Unfortunately for you, PF requires an effort from you before we are allowed to assist. So: what have you got thus far ?
 
  • #3
BvU said:
Hello @flughafen, :welcome: !

Unfortunately for you, PF requires an effort from you before we are allowed to assist. So: what have you got thus far ?

I haven't gotten much far yet. Just left it there, thinking that I could use the answer of this as base for other alike questions.
 
  • #4
flughafen said:
I haven't gotten much far yet. Just left it there, thinking that I could use the answer of this as base for other alike questions.

Have you tried sketching the cdf as in part a? This should help you to see what's going on.
 
Last edited by a moderator:
  • #5
Do you not at least know the difference between a "continuous" and a "discrete" probability distribution? That is one of the questions asked that you did not answer.
 

Related to Understanding the PMF of a Random Variable: A Brief Overview

1. What is the PMF of a random variable Y?

The PMF (Probability Mass Function) of a random variable Y is a function that assigns probabilities to each possible value of Y. It describes the probability distribution of Y and can be represented as a graph or a table.

2. How is the PMF of Y different from the PDF of Y?

The PMF of Y is used for discrete random variables, while the PDF (Probability Density Function) is used for continuous random variables.

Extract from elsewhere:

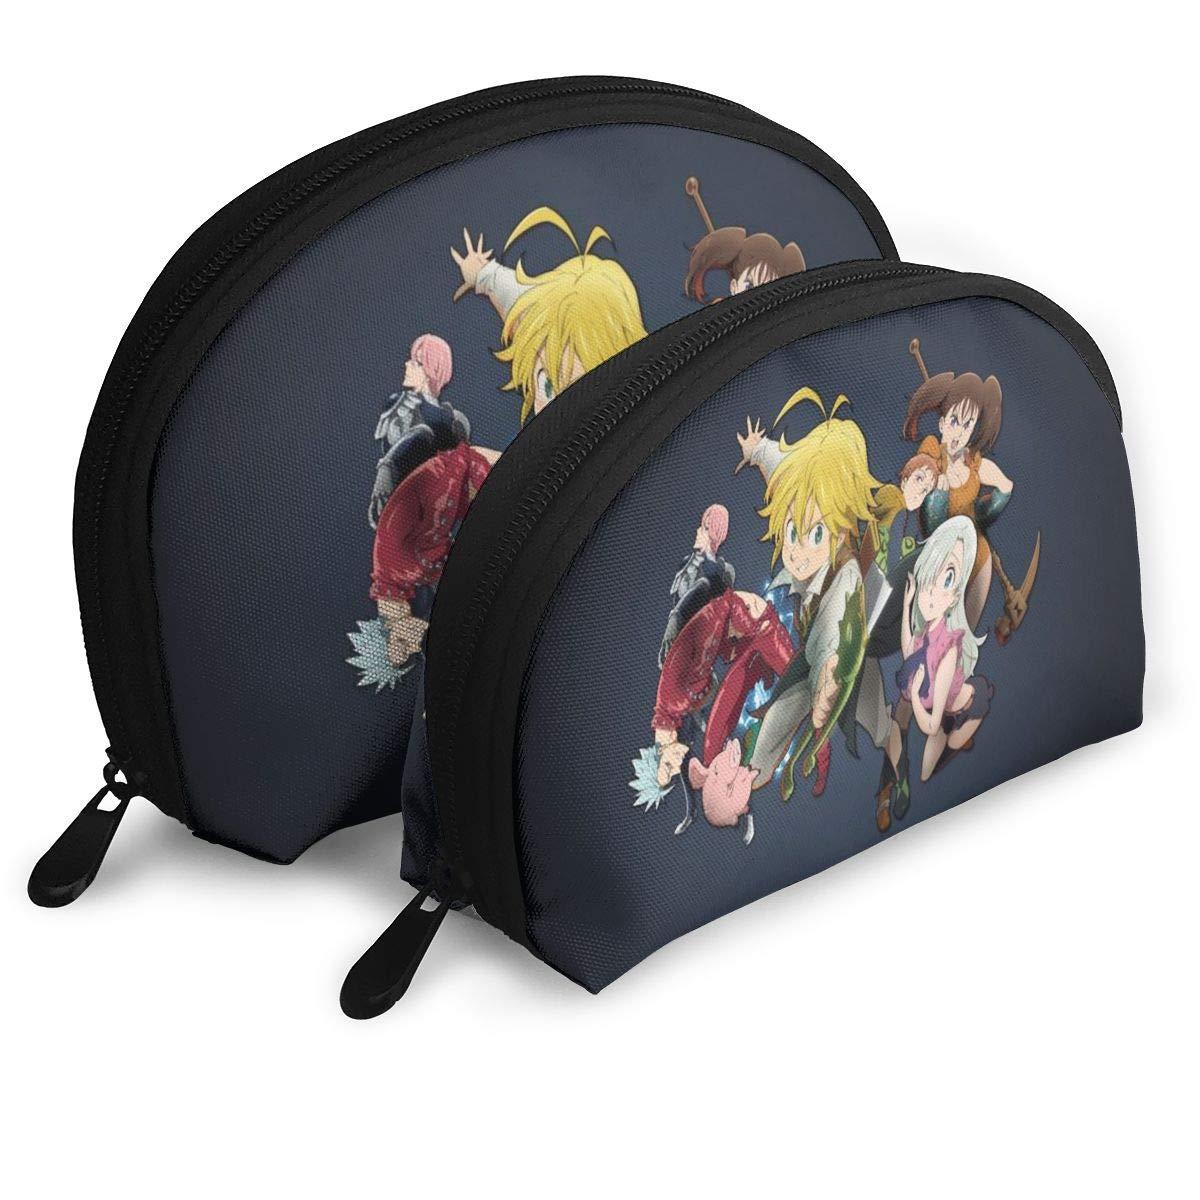 The Seven Deadly Sins Makeup Bag Portable Bags Clutch Pouch Coin Purse For Women Multifunction Handbag Organizer Travel Storage Bag Shell Shape With Zipper (2 Pcs)

The PMF gives the probability of a specific value of Y occurring, while the PDF gives the probability of Y falling within a certain range of values.

3. How do you calculate the PMF of Y?

The PMF of Y can be calculated by determining the probability of each possible value of Y using the formula P(Y=y) = number of outcomes where Y=y / total number of outcomes. This can be done using a table or a graph, depending on the distribution of Y.

4. What does the PMF of Y tell us about the random variable?

The PMF of Y provides information about the probability distribution of Y. It tells us the likelihood of different values of Y occurring and can help us understand the characteristics and behavior of the random variable.

5. Can the PMF of Y be used to calculate expected values?

Yes, the PMF of Y can be used to calculate the expected value of Y, which is the average value that we would expect to obtain if we repeatedly sampled Y. The formula for calculating expected value using the PMF is E(Y) = Σ y * P(Y=y), where y represents each possible value of Y.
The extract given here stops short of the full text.